Observó que Jennifer se quedó con las palabras en la boca y no pudo seguir regañando a su hijo.

—Nos has dado un susto, Sebastián— dijo Jennifer, mientras se sentaba a mi lado—, seguramente tuviste otro ataque nervioso. No te juzgo, ¿Quién no se pondría así? Sólo quiero entender el motivo de Daniel para herirte.

Me quedé con la mirada perdida analizando ambos sucesos que tuve; en primer lugar, recuerdo tener una discusión con papá por una salida al café y el segundo consistía en una discusión por haber sido novio de Jonathan, entonces ¿Qué había pasado? Una confusión me invadía y no lograba captar lo acontecido.

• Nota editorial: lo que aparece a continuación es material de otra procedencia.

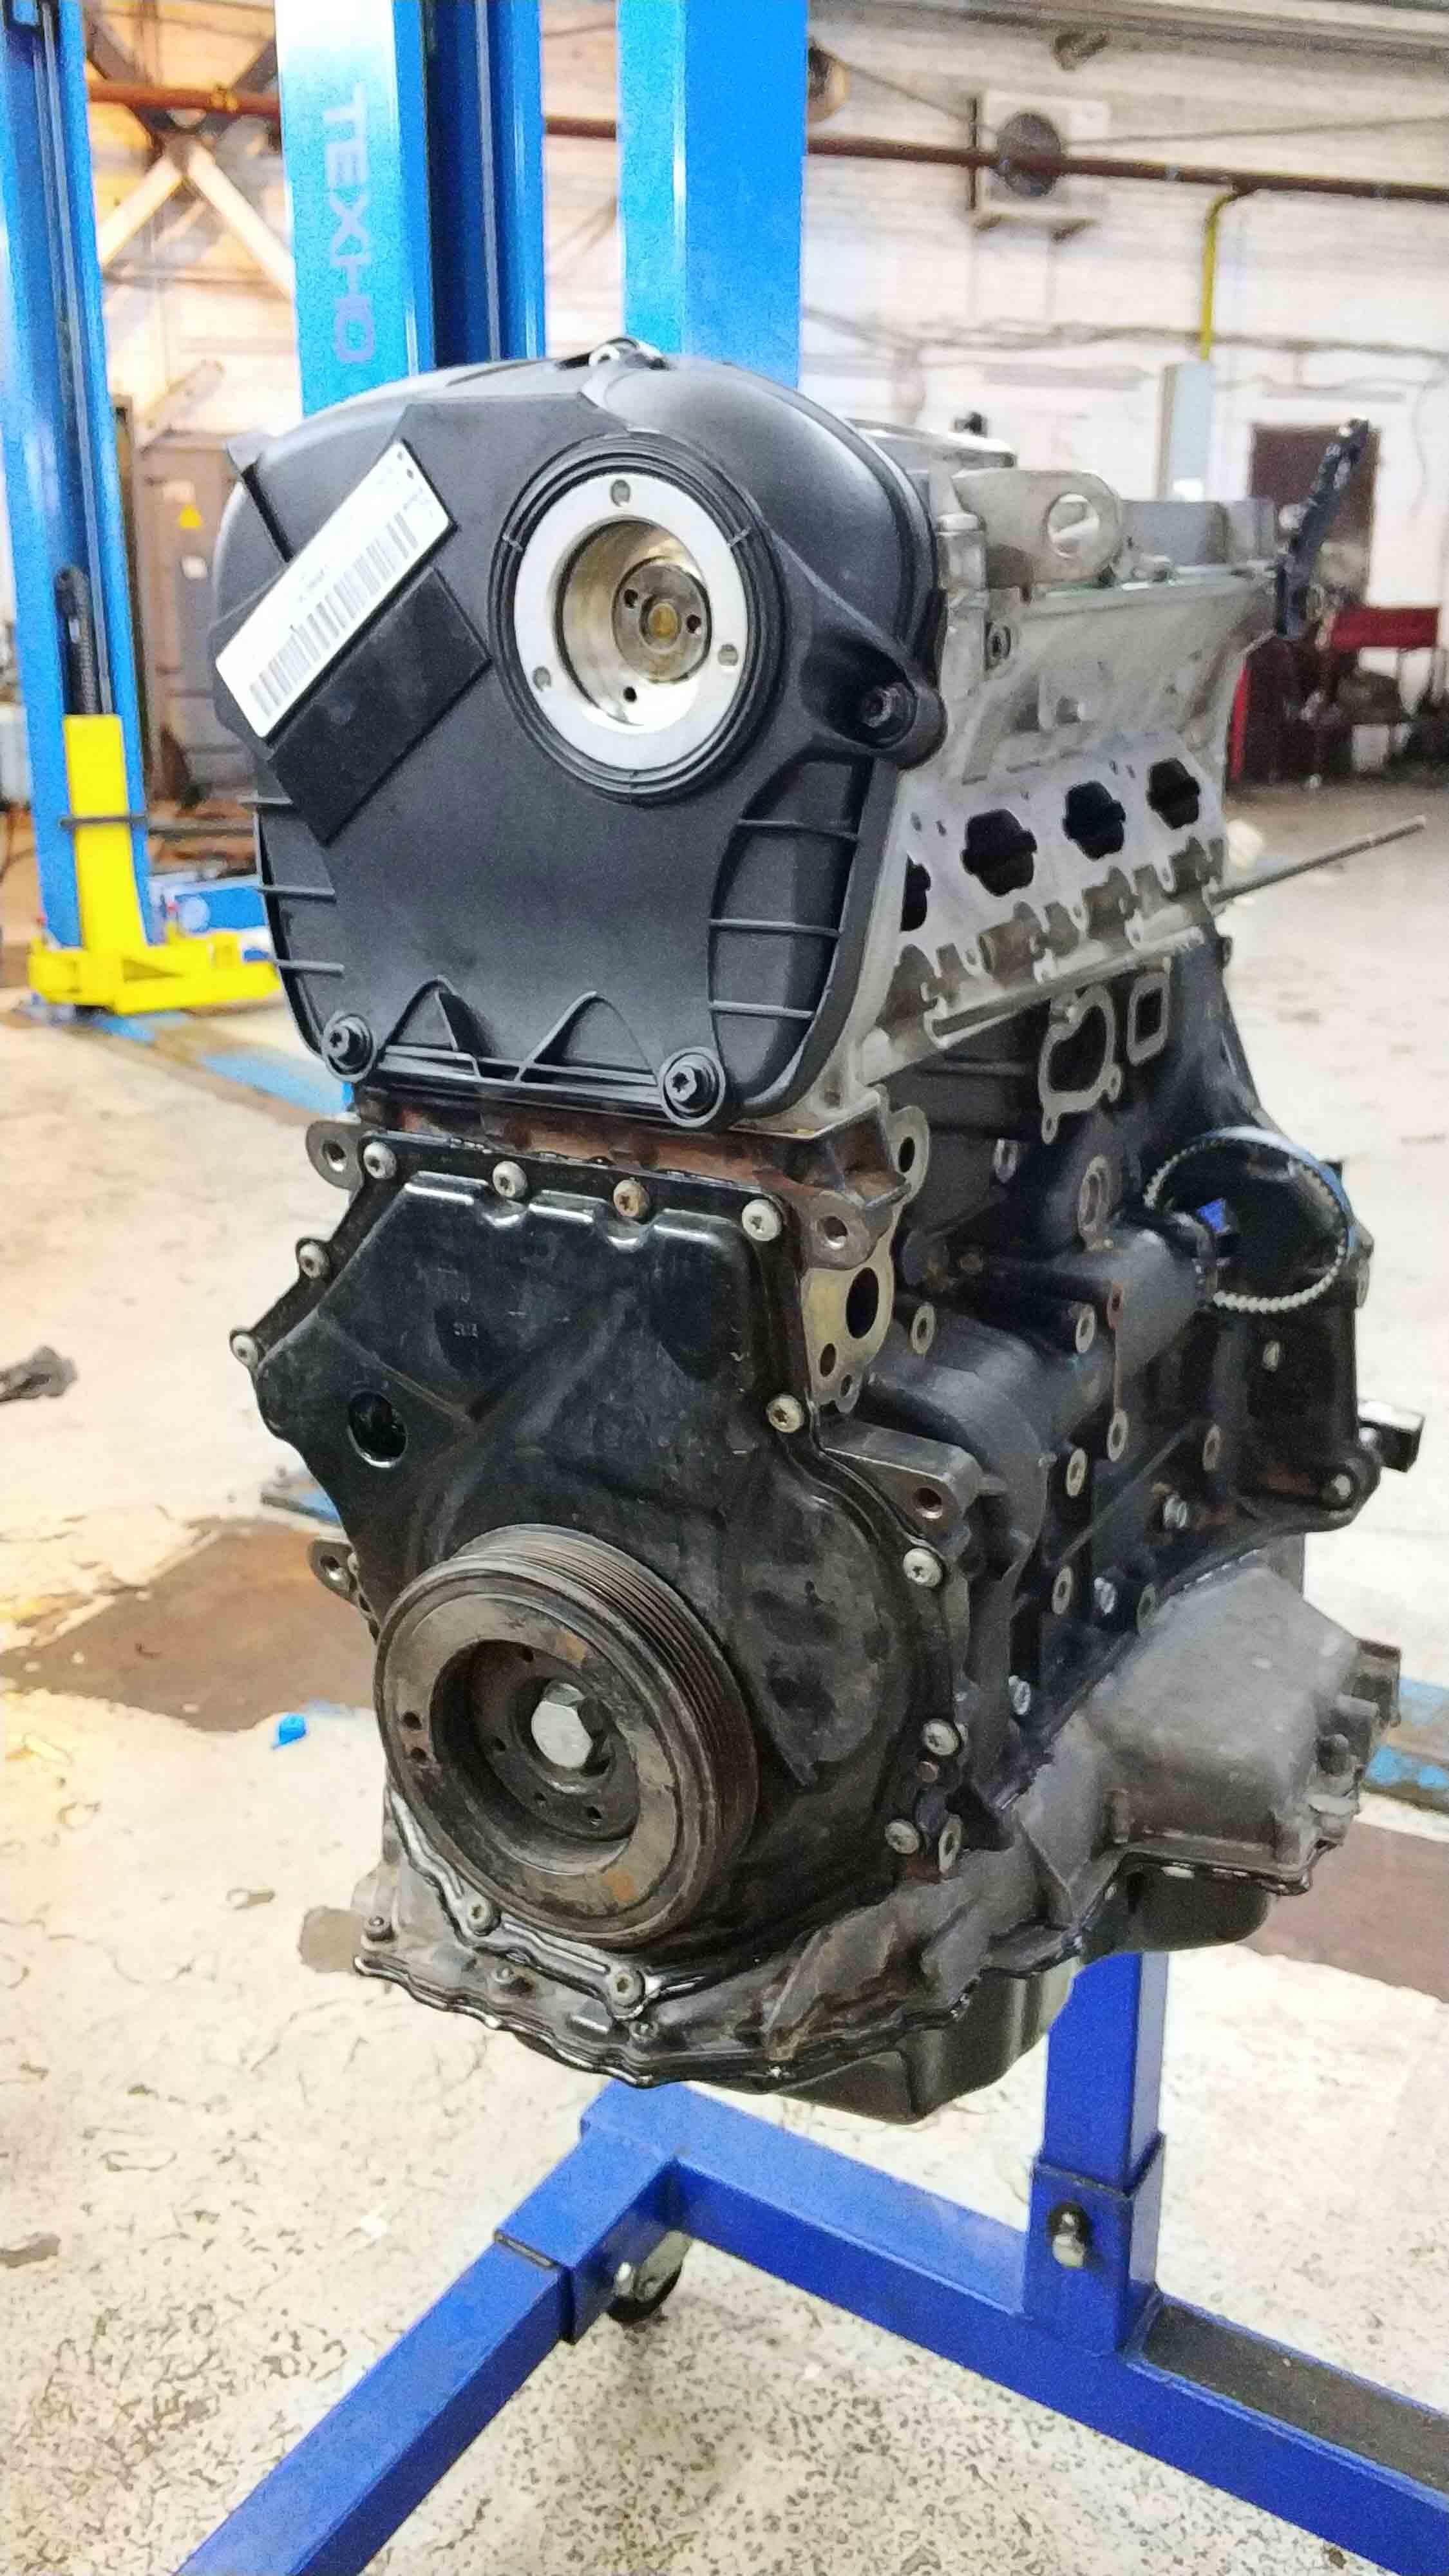 Купите двигатель CJKA с гарантией и установкой
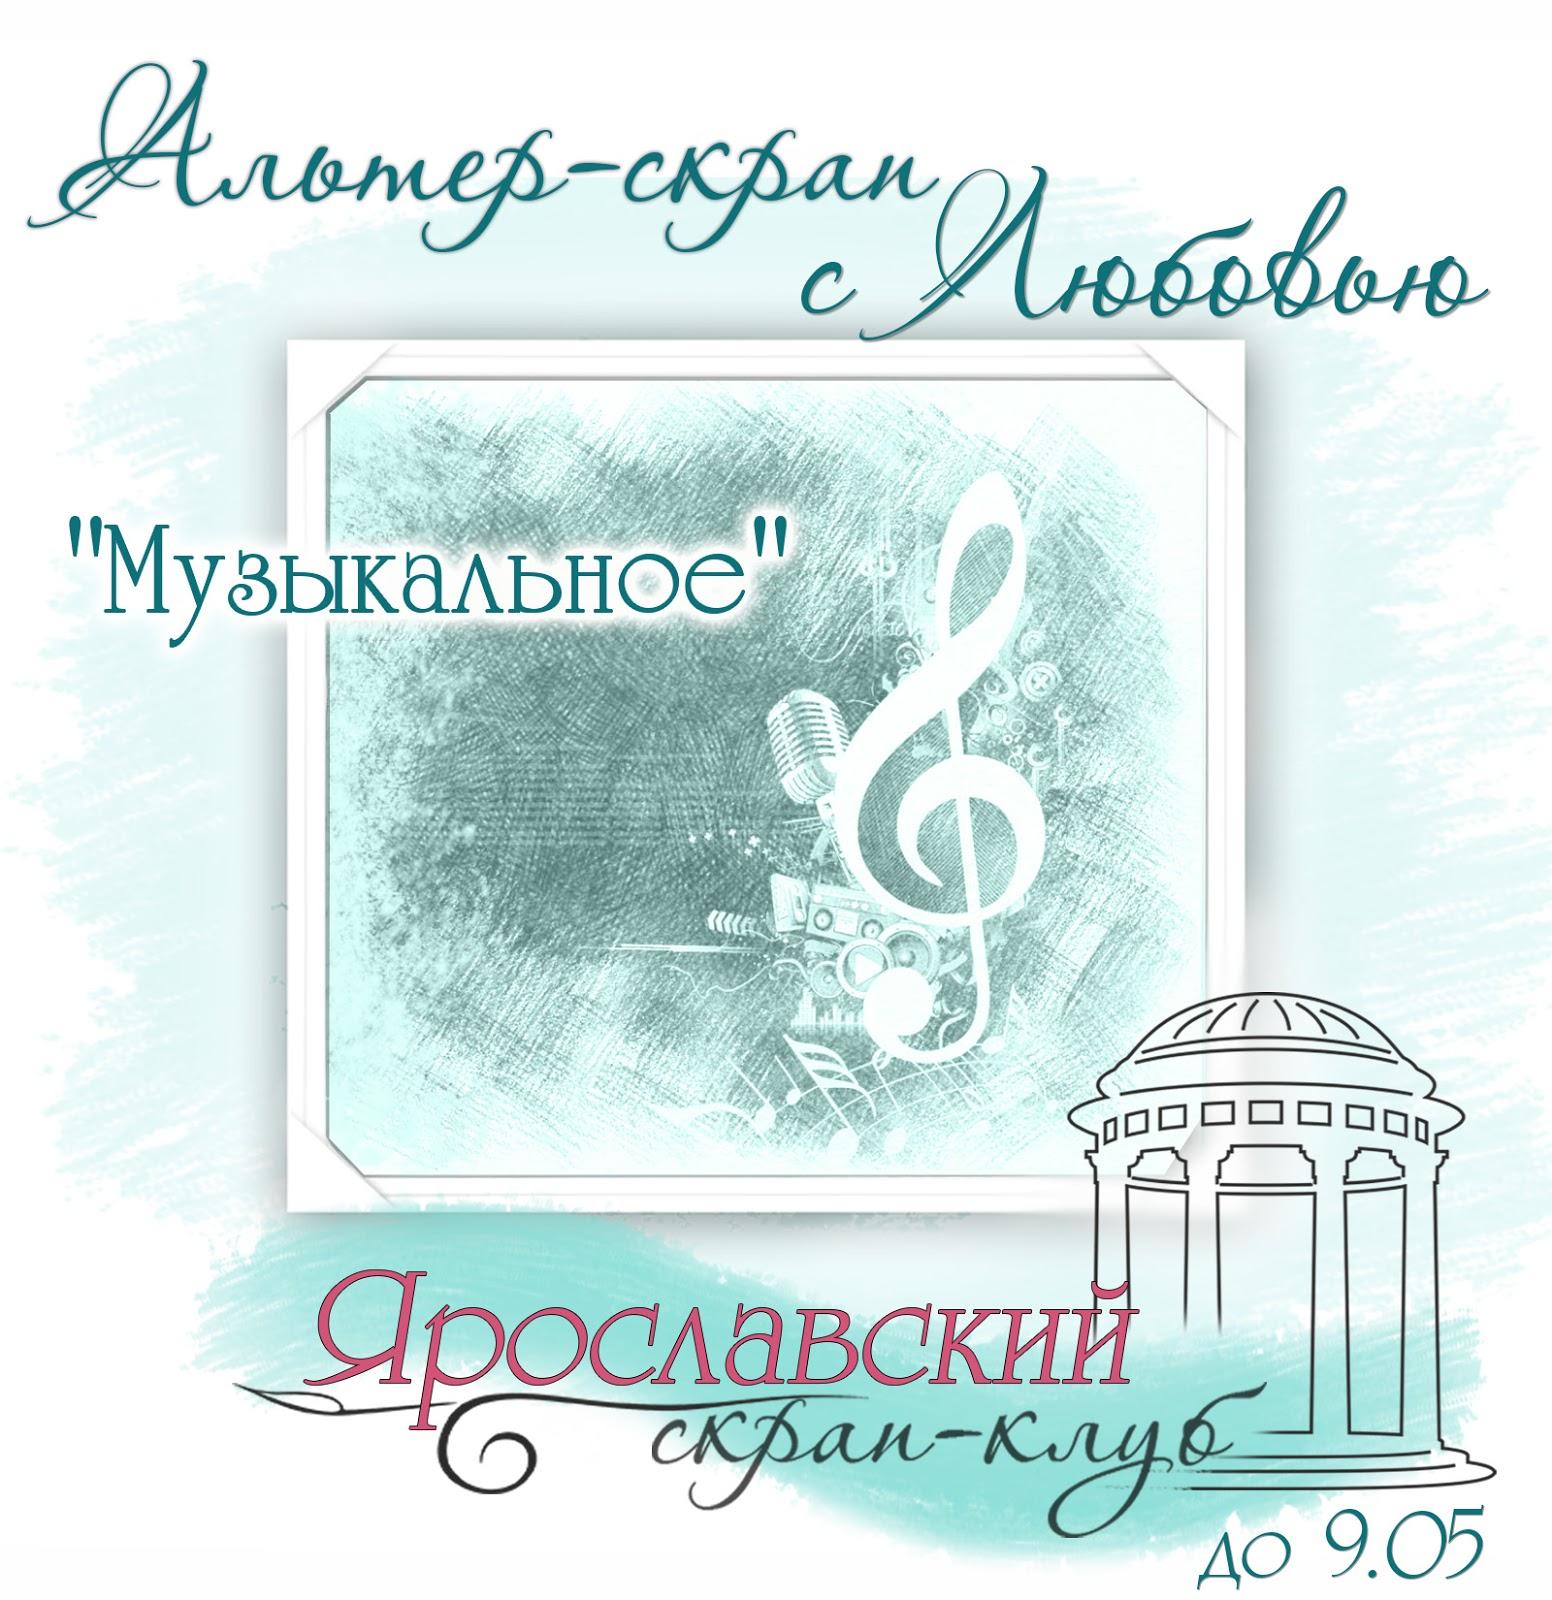 """""""Музыкальное"""" до 09.05.18"""

—¿Qué me sucedió? — pregunté atónito.

Quería saber lo que me paso realmente.

Temía que haya cometido una locura por estar locamente enamorado de Jonathan Ross Collins. Él había sido mi primer amor que tuve y tenerlo a mi lado fue lo mejor que me pudo haber pasado a pesar de recibir criticas negativas por parte de mis compañeros de clase y principalmente por Mónica Pérez, una muchacha dedicada a hacer un mal a aquel amor que no sea correspondido; en fin, cuando estaba a lado de Jonathan mis problemas desaparecían porque siempre estaría a mi lado en las buenas y malas.

—Tuviste un desmayo— respondió Jennifer seriamente.

Solté un suspiro de alivio.

—Creía que termine cayendo de la ventana. Debió ser solamente un sueño— comenté.

Por la expresión facial de Jenifer pude deducir que no me equivocaba en lo absoluto.

La burbuja donde creía que era feliz término por reventarse, mis papás estuvieron mintiéndome después de haberse separado, lo cual no entiendo el motivo de sus engaños hacia mi persona ¿nunca pensaron que lo sabría? Posiblemente no ya que, mi papá evitaba mis salidas con Jonathan para no revivir mi pasado y no lograra recordar nada.

Iba juntando cada pieza en su lugar haciéndolas encajar en el rompecabezas creado.

Ahora todo tenía sentido la conversación con César y mi primera cita con Jonathan ¿Por qué no pude darme cuenta? Sólo mantenida pequeños fragmentos de mis memorias a lado de Ross que estuvieron bloqueados temporalmente debido a que, después del accidente tuve que acudir con una psicóloga para tener una ayuda especializada con el fin de recuperar parte de mi vida. Las sesiones que tuve causaron que mi mente fuera creando un método para suprimir mis recuerdos con él en mi cabeza fueron para no revivir constantemente el tormento que pasé cuando mis papás estuvieron casados y el día que morí.

Santa Ramona, ¿Qué pasaron estos años? Estuve viviendo la vida de otra persona creada por mis papás.

—Regresé con el hielo— dijo César, mientras sostenía una pequeña bolsa.